━━━━━ EXTRACTED RECORDS

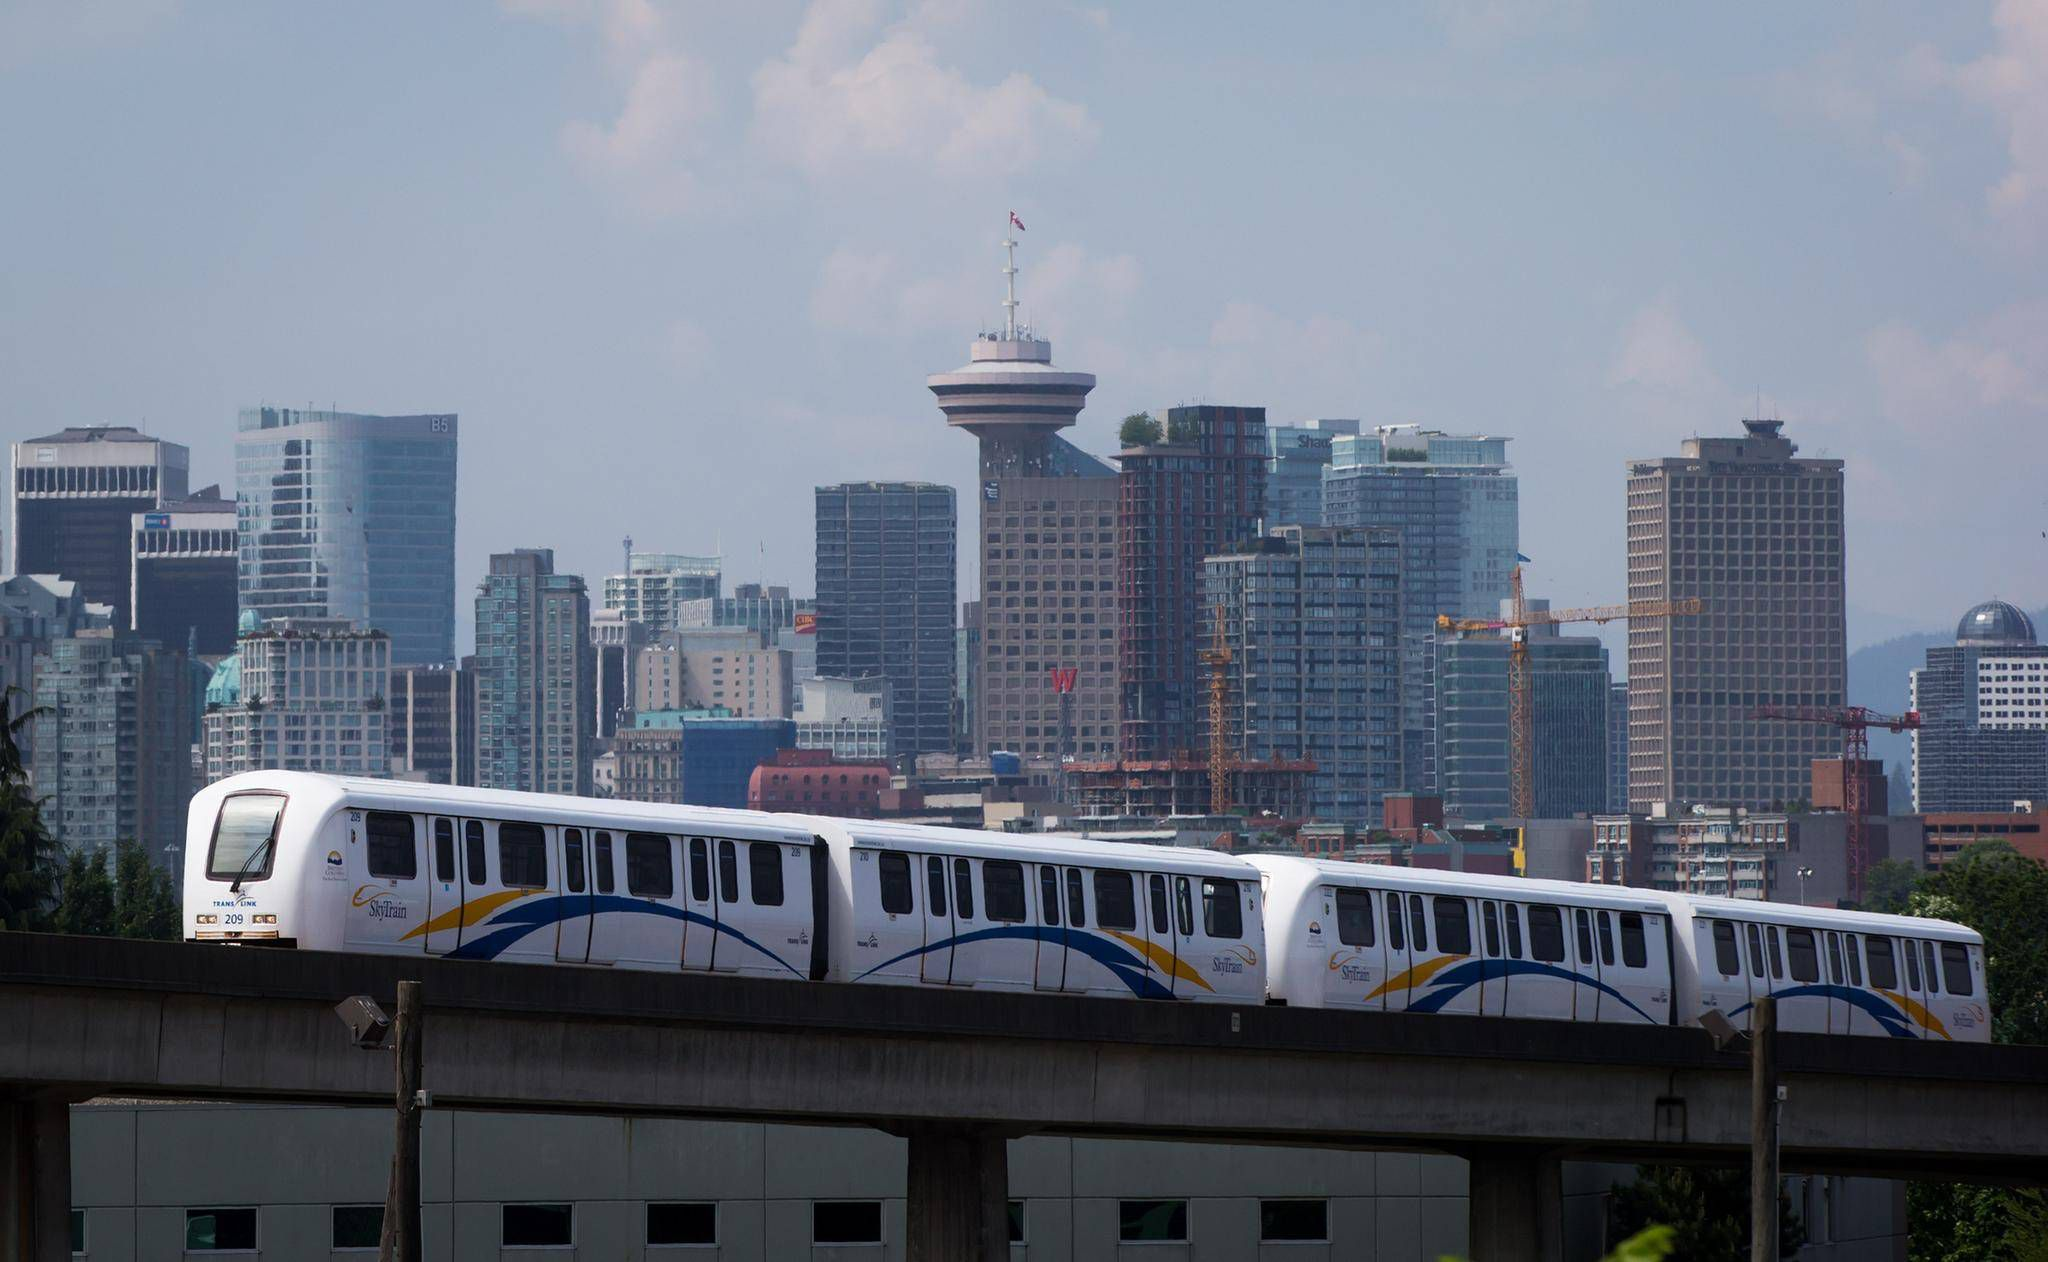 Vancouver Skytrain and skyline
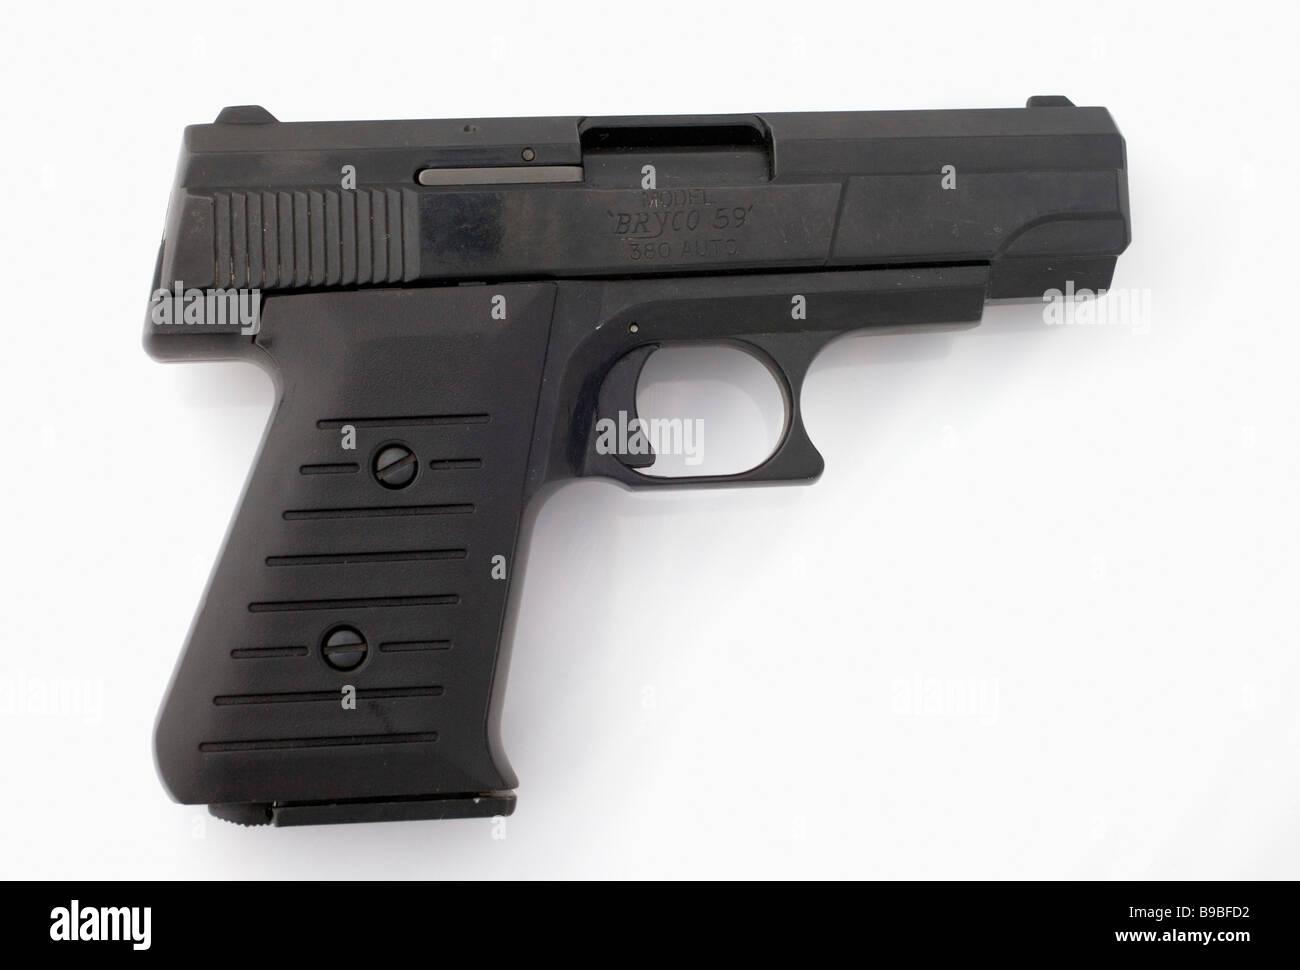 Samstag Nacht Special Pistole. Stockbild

━━━━━━━━━━
━━━━━ EXTRACTED RECORDS

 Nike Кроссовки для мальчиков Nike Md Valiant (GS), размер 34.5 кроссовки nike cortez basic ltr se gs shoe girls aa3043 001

━━━━━━━━━━

WHAT THIS TASK INVOLVES → Working from the entries above, reproduce exactly and only the lines beginning with the line that has "Vancouver Skytrain and skyline" and ending with the line that has "Samstag Nacht Special Pistole. Stockbild"; omit all pictures.

OUTPUT FOR THIS TASK →
 Vancouver Skytrain and skyline
 Samstag Nacht Special Pistole. Stockbild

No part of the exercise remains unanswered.